About this task:
Omit the images and reproduce the rest of the entries exactly.

══ Records for processing

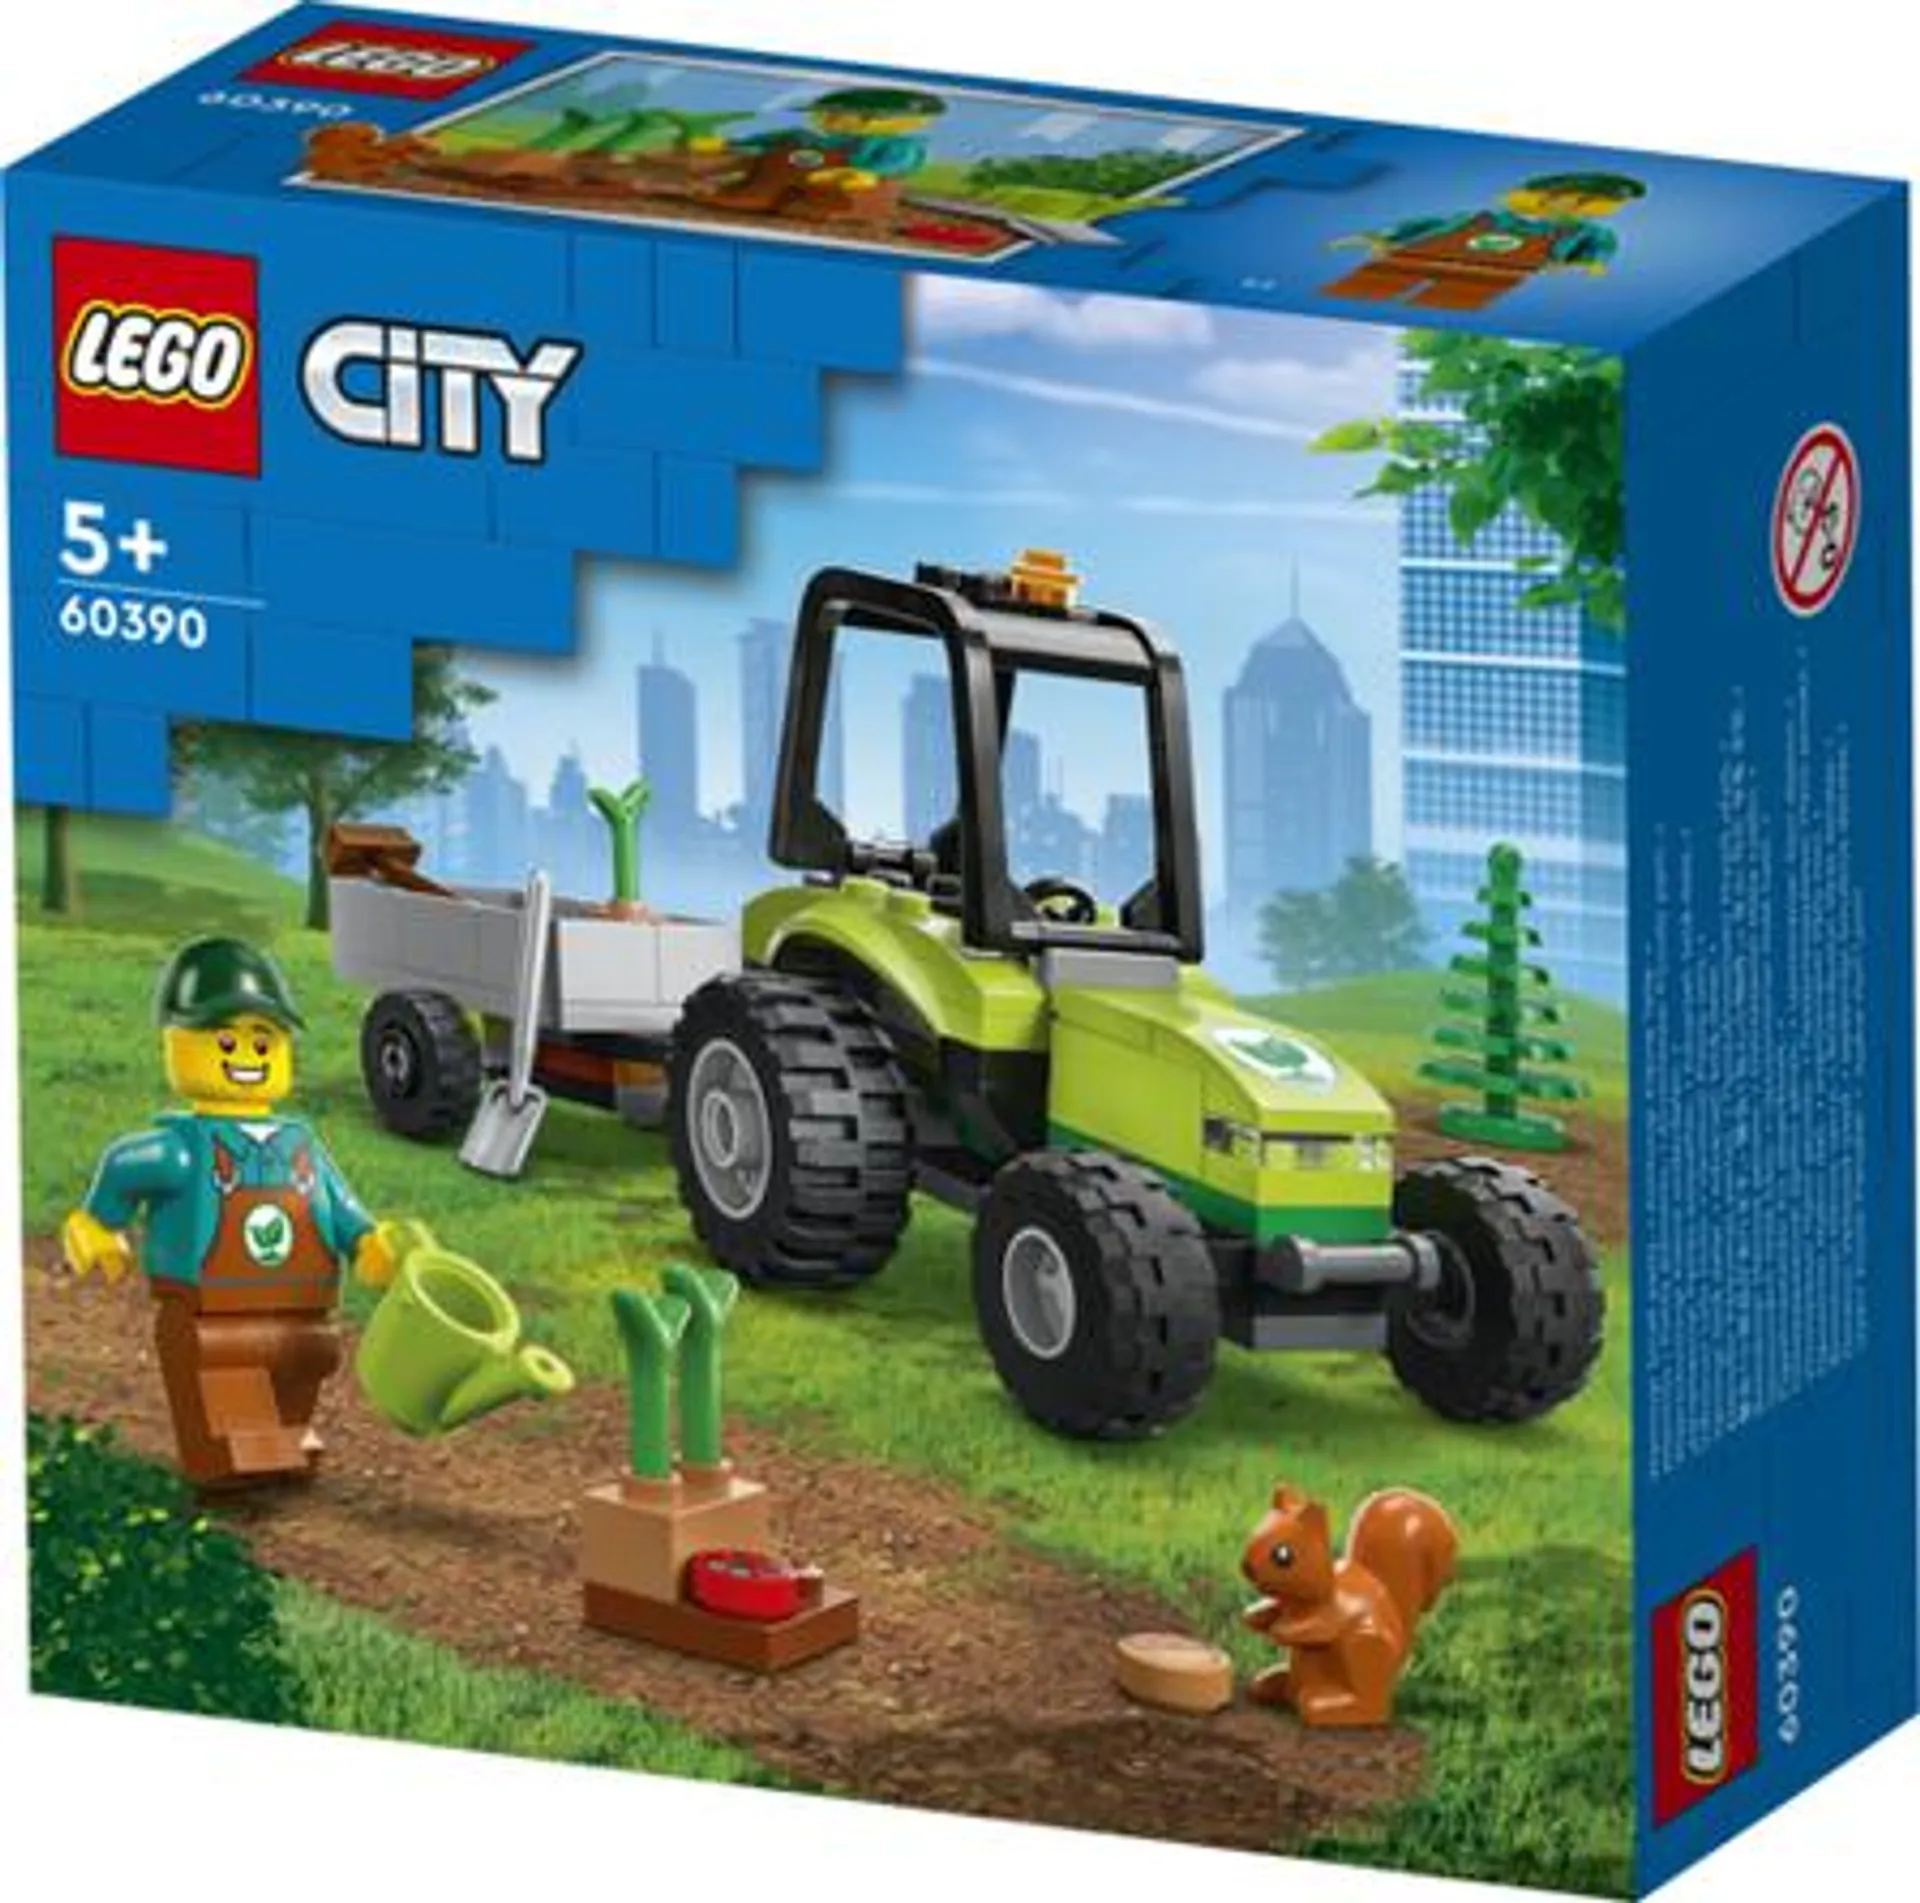 60390 LEGO CITY TRAKTOR W PARKU 5702017416458
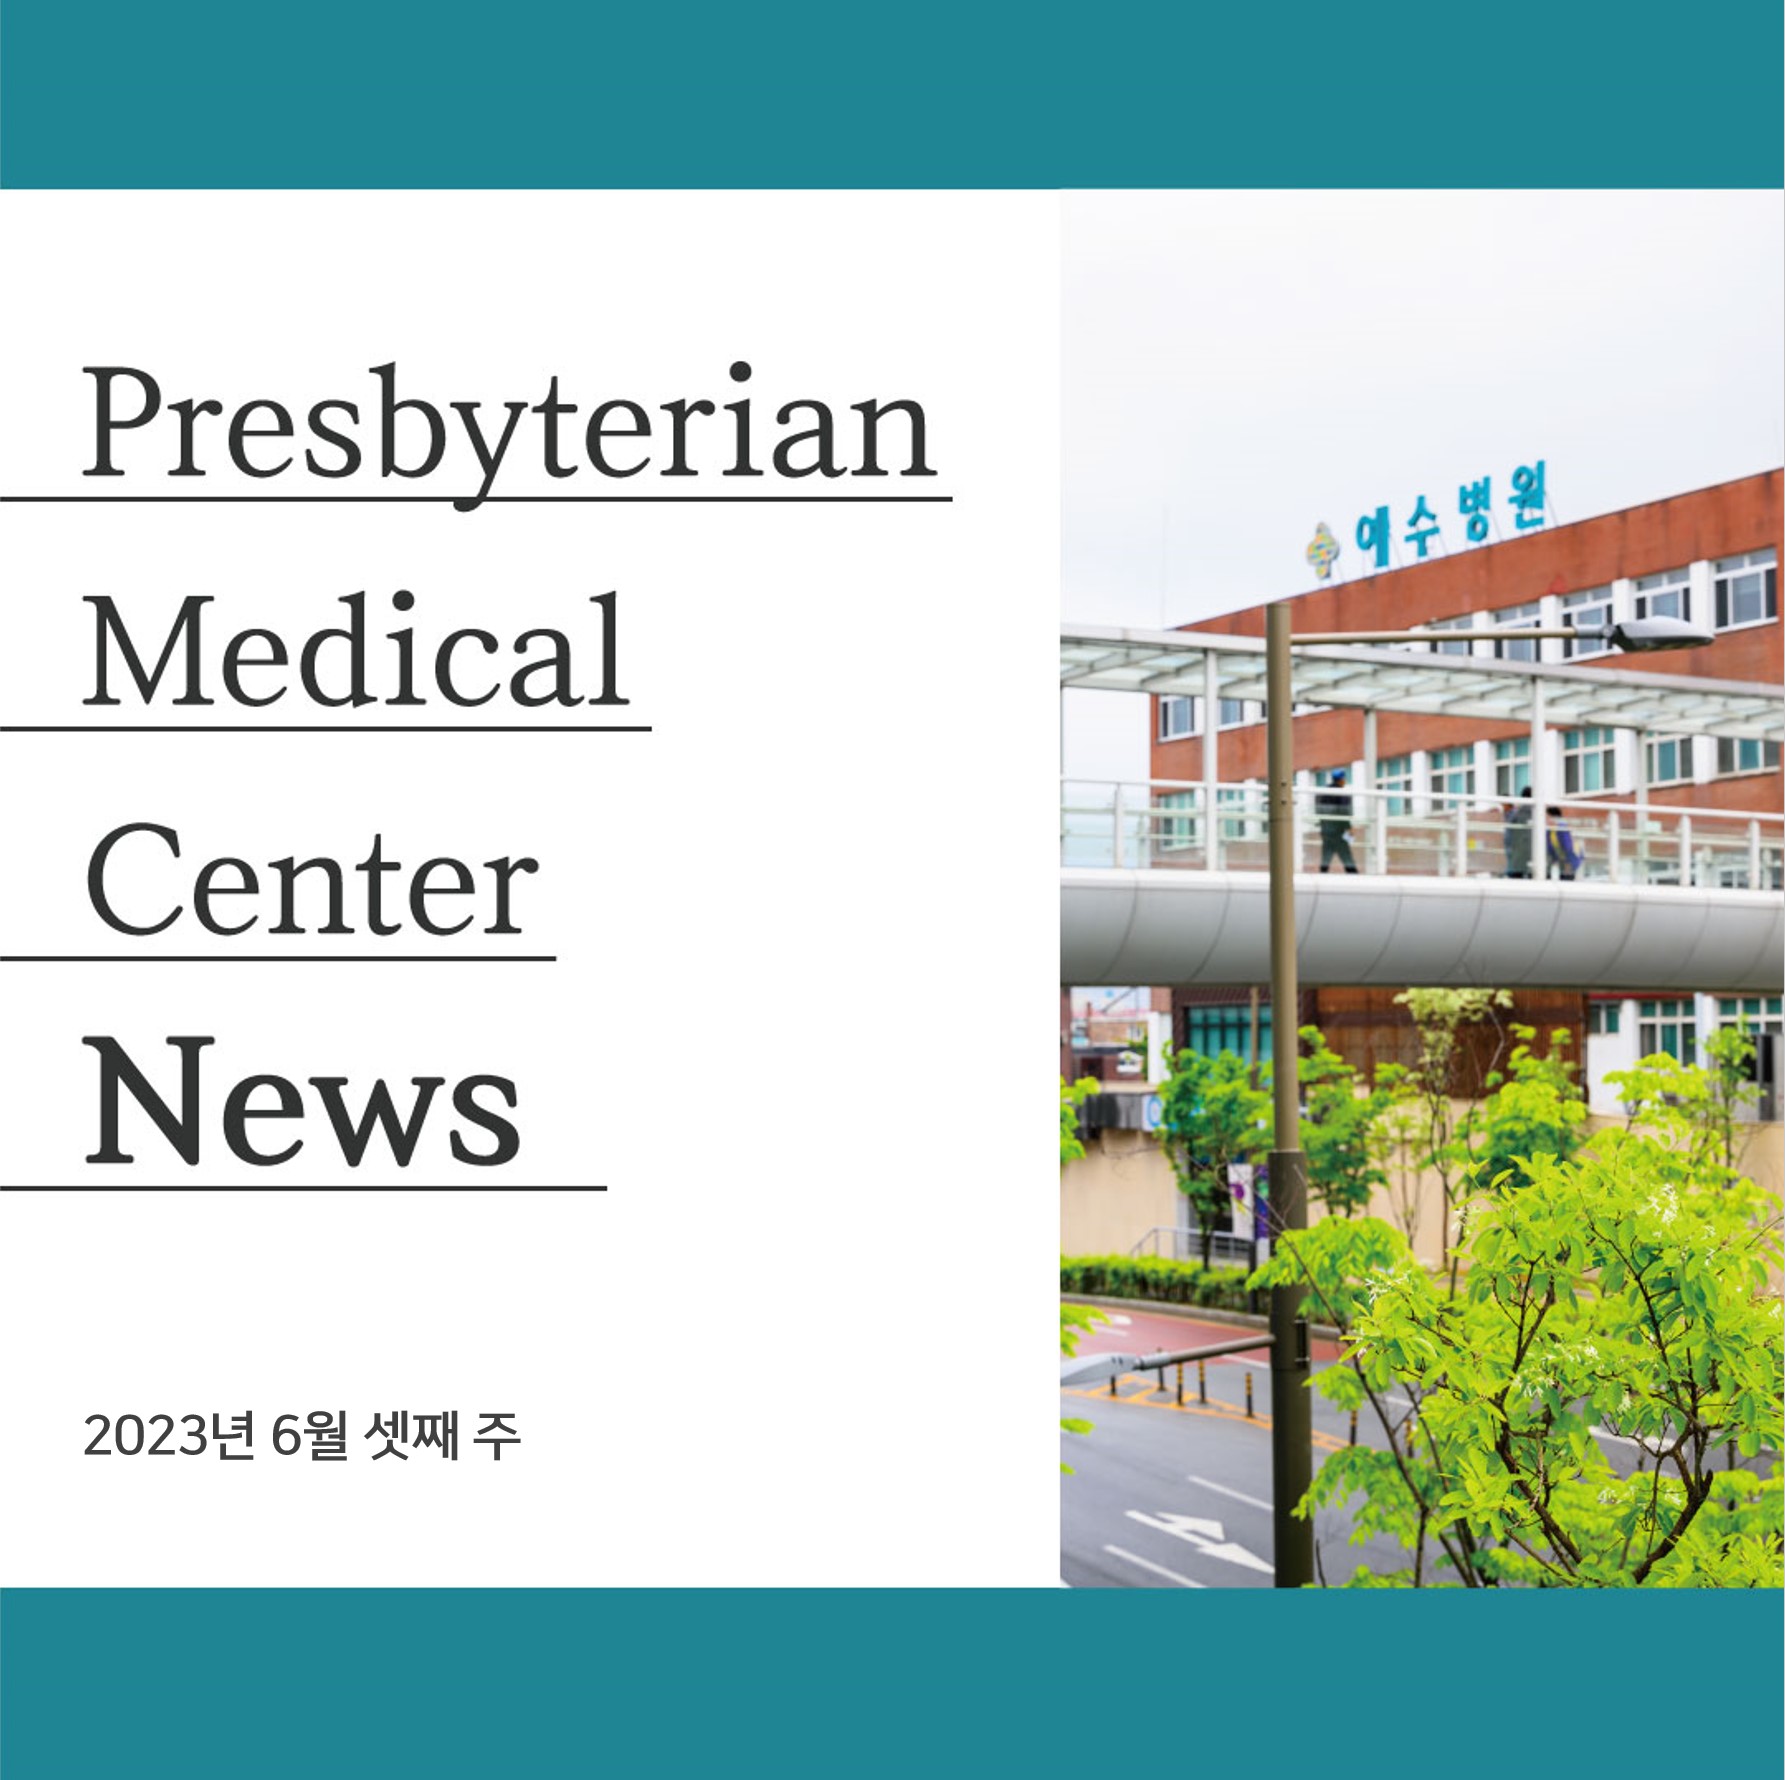 Presbyterian
Medical
Center
News

2023년 6월 셋째 주

════

Result of this exercise:
 60390 LEGO CITY TRAKTOR W PARKU 5702017416458
 Presbyterian
Medical
Center
News

2023년 6월 셋째 주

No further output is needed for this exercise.